>>>>

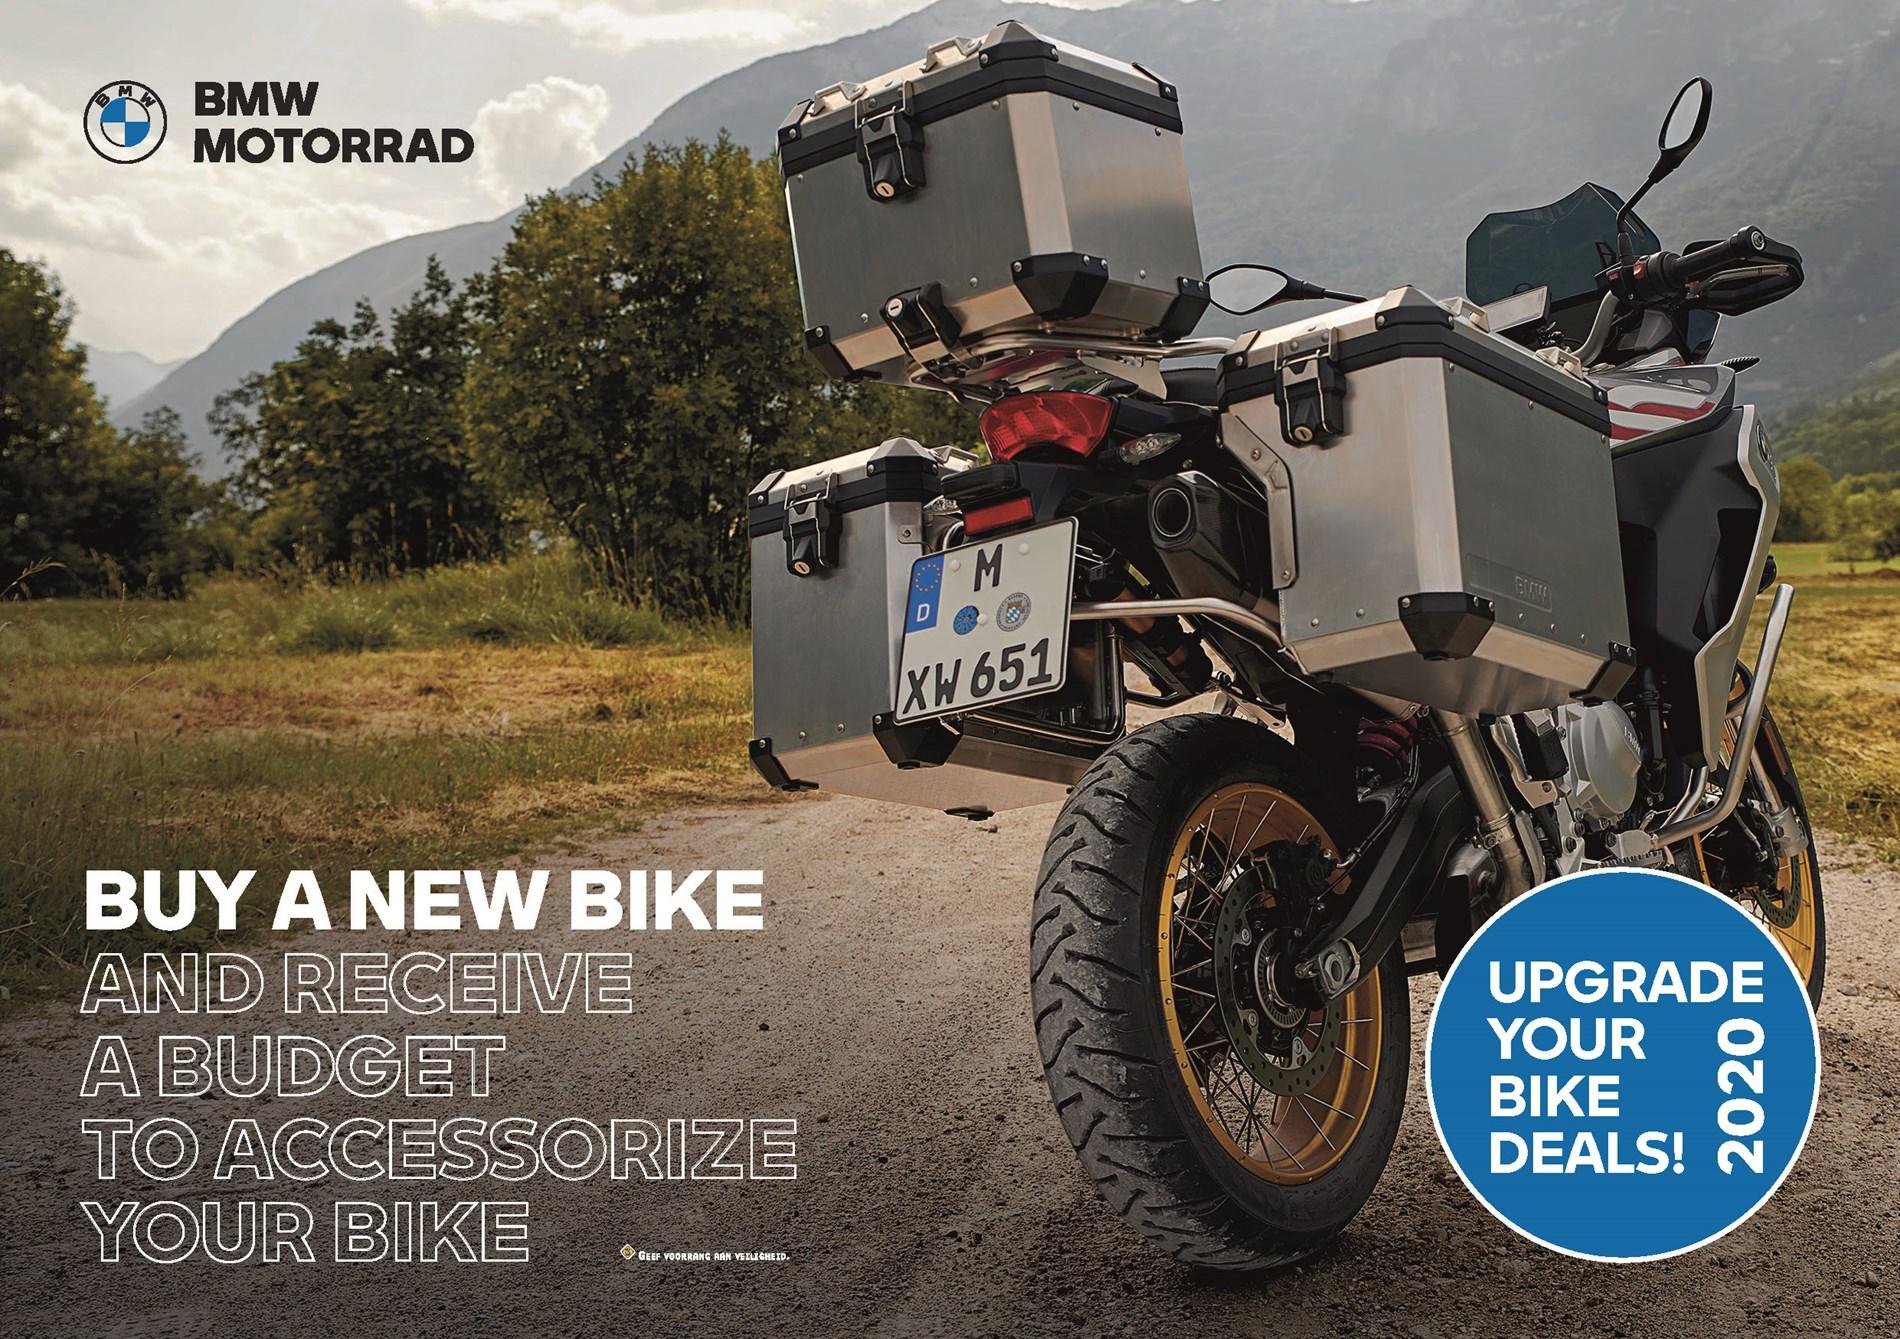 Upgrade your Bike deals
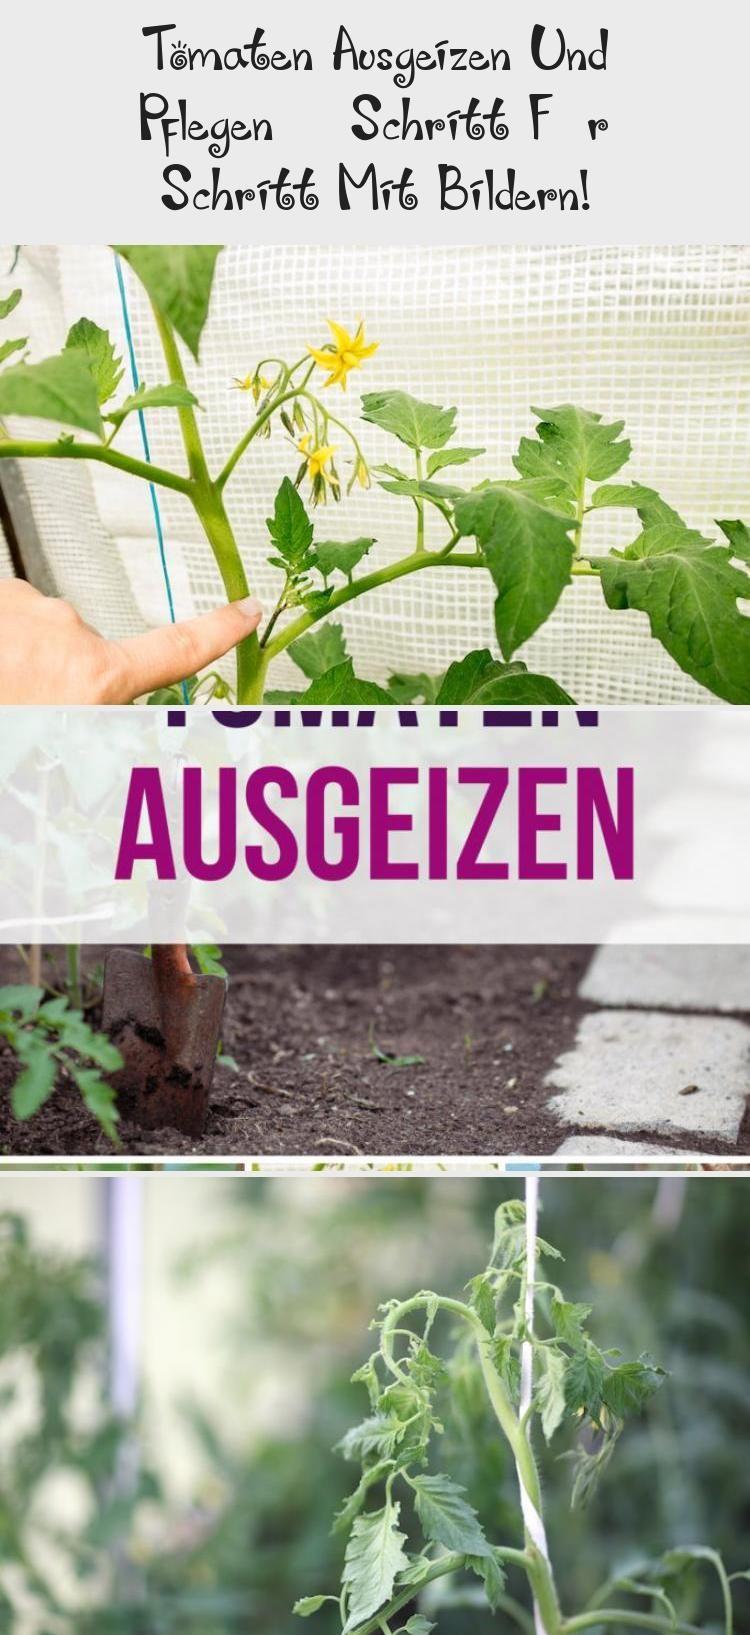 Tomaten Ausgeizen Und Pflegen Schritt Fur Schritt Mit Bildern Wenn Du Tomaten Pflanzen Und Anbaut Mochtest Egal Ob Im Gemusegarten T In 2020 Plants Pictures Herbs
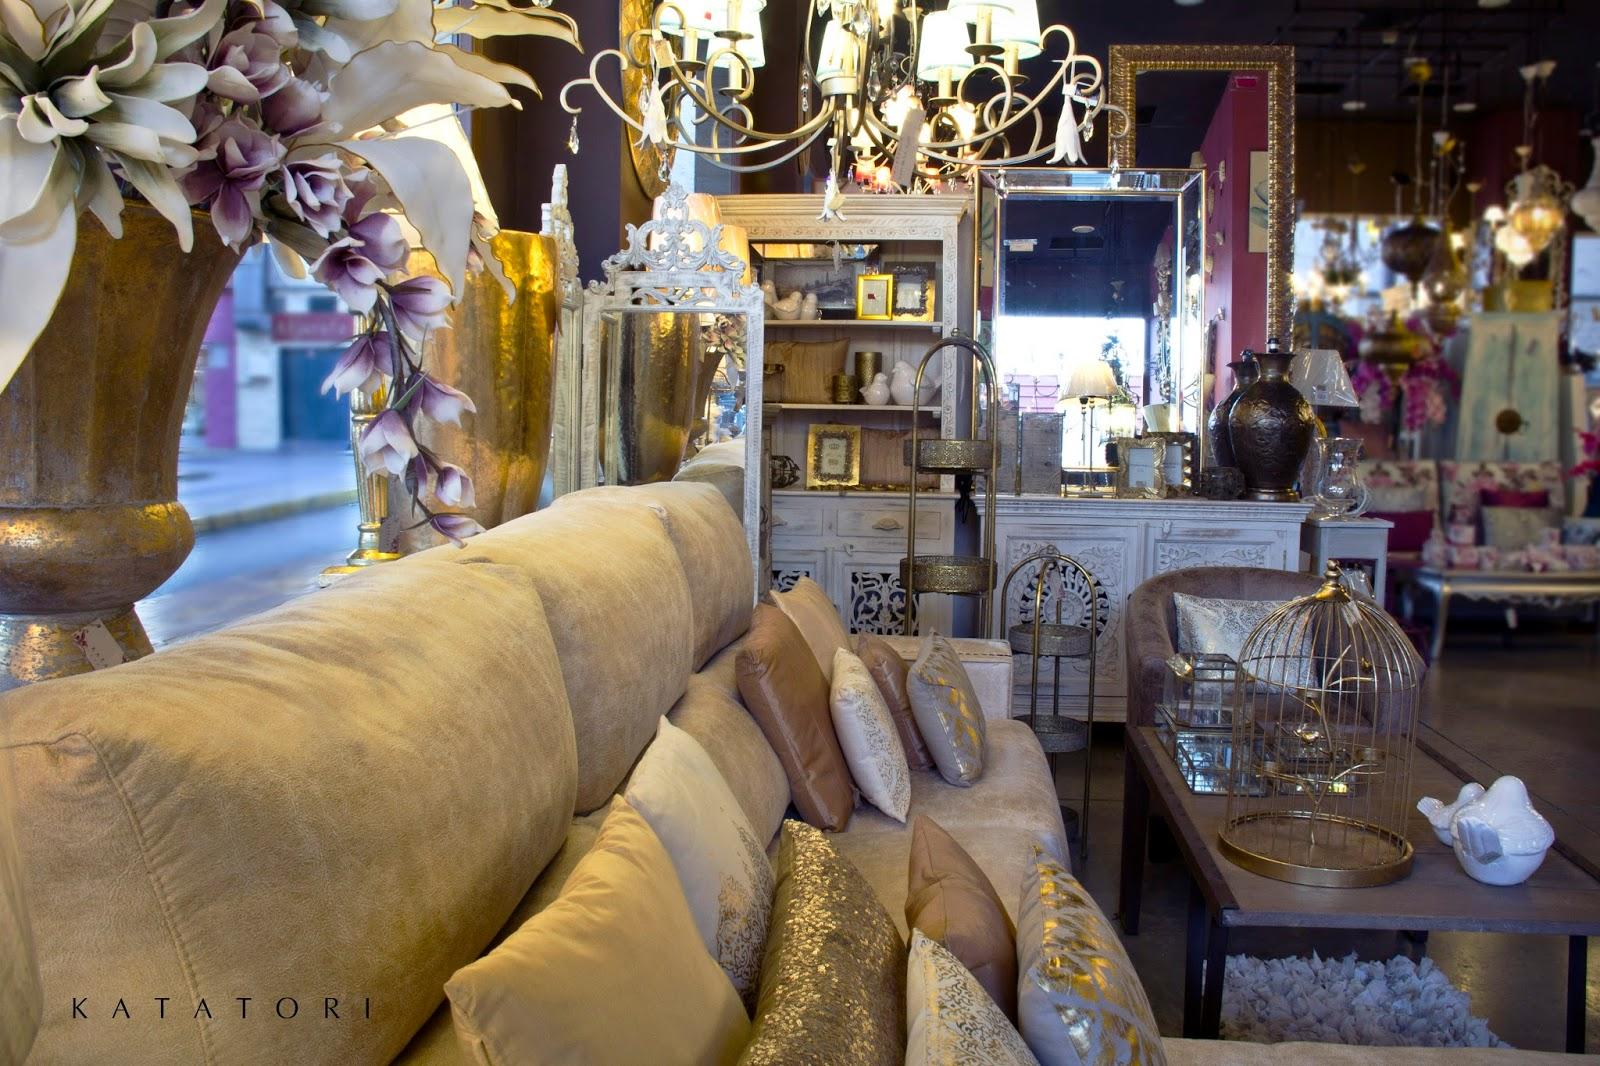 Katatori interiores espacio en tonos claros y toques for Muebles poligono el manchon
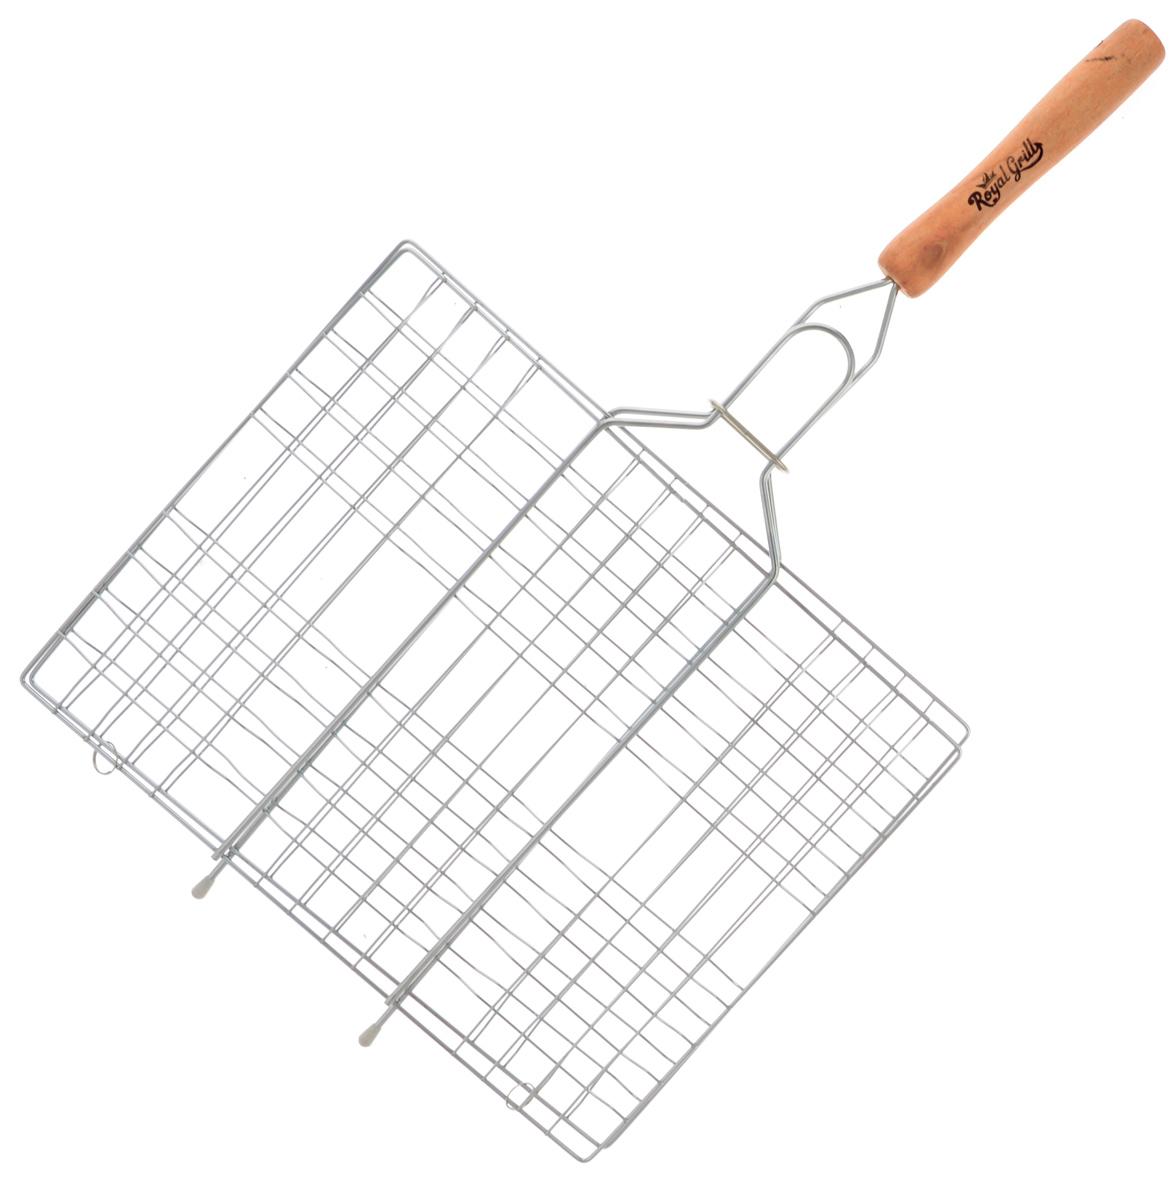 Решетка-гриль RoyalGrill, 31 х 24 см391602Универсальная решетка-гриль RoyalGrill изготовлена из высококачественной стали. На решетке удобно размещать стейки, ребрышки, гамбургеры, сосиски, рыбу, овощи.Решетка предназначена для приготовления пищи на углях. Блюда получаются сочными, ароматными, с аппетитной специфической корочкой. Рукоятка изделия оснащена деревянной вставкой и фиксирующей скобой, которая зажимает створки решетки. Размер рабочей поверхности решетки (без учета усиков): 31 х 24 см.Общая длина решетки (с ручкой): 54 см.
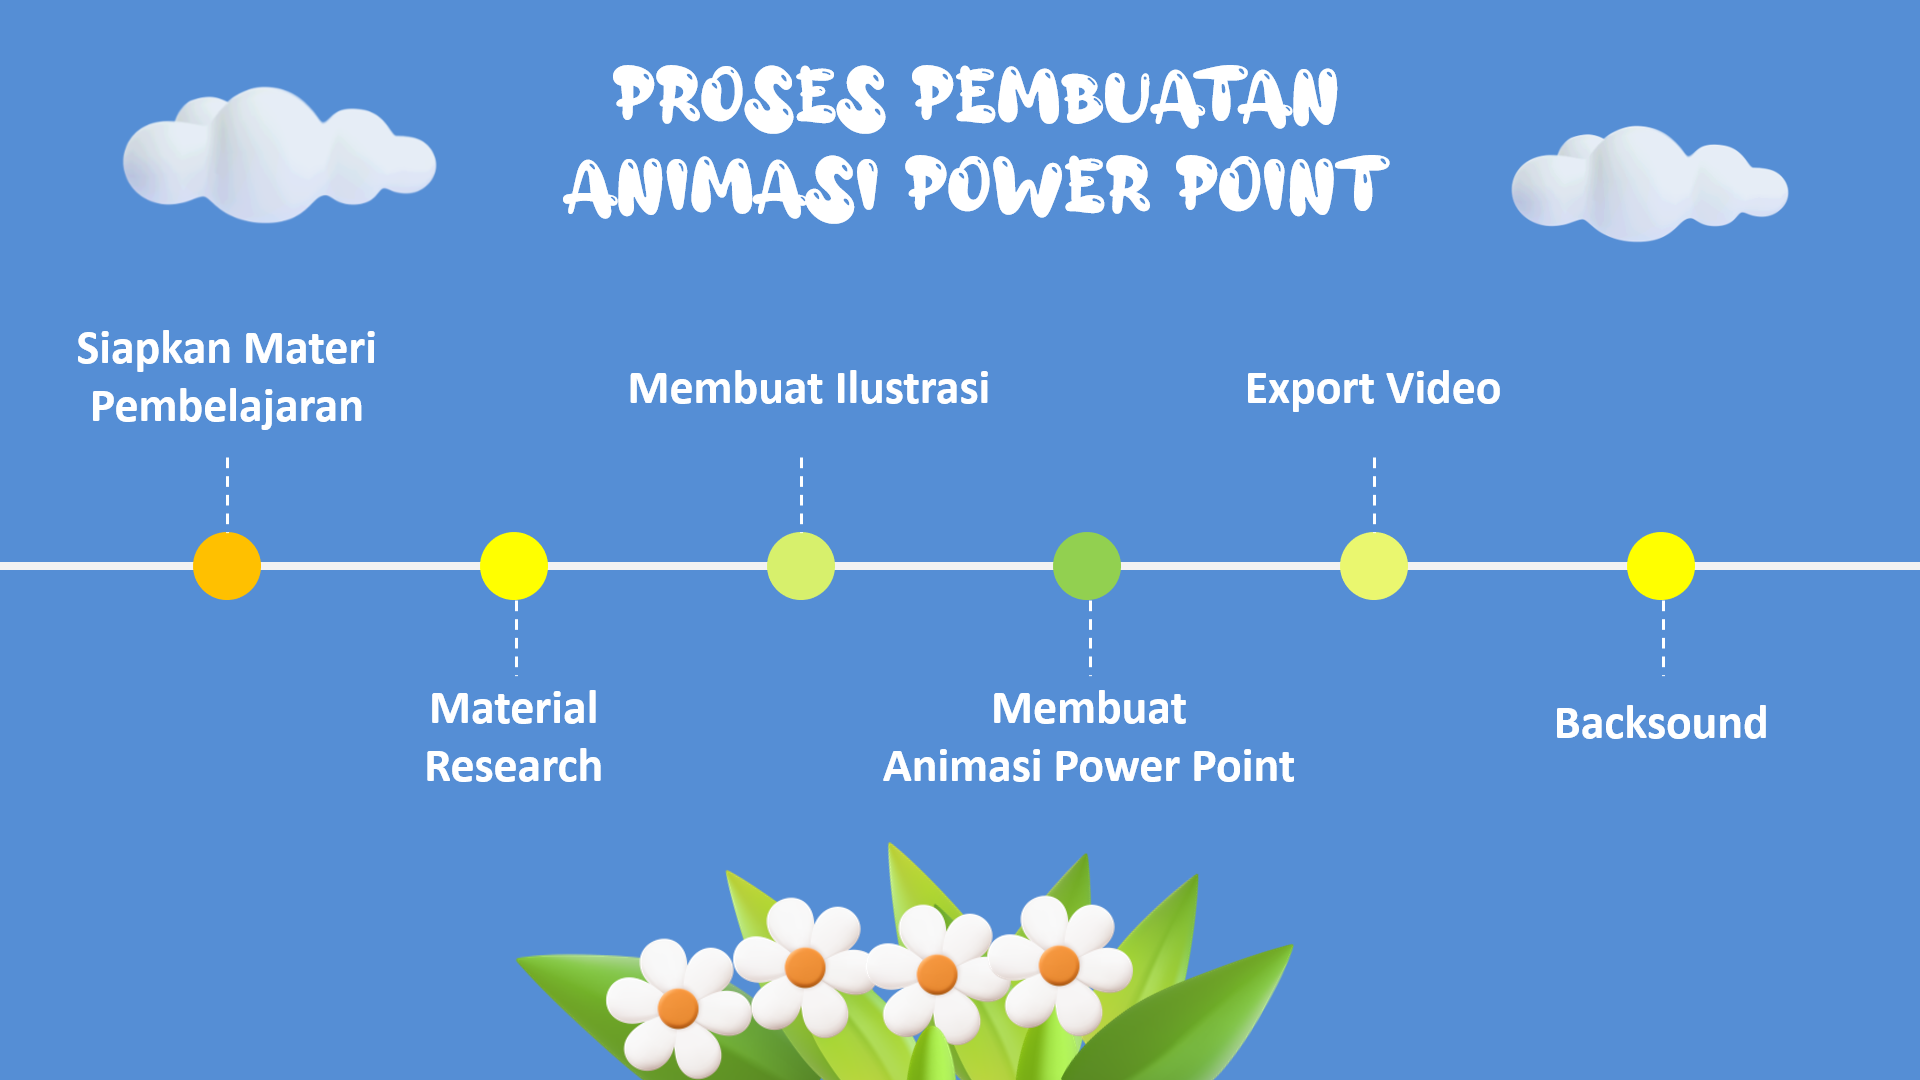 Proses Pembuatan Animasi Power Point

<<<<

## PROBLEM REQUIREMENTS
Output the data exactly as it appears. The pictures do not belong in it.

## SOLUTION FOR THIS EXERCISE
 Upgrade your Bike deals
 Tomaten Ausgeizen Und Pflegen Schritt Fur Schritt Mit Bildern Wenn Du Tomaten Pflanzen Und Anbaut Mochtest Egal Ob Im Gemusegarten T In 2020 Plants Pictures Herbs
 Katatori interiores espacio en tonos claros y toques for Muebles poligono el manchon
 Решетка-гриль RoyalGrill, 31 х 24 см391602Универсальная решетка-гриль RoyalGrill изготовлена из высококачественной стали. На решетке удобно размещать стейки, ребрышки, гамбургеры, сосиски, рыбу, овощи.Решетка предназначена для приготовления пищи на углях. Блюда получаются сочными, ароматными, с аппетитной специфической корочкой. Рукоятка изделия оснащена деревянной вставкой и фиксирующей скобой, которая зажимает створки решетки. Размер рабочей поверхности решетки (без учета усиков): 31 х 24 см.Общая длина решетки (с ручкой): 54 см.
 Proses Pembuatan Animasi Power Point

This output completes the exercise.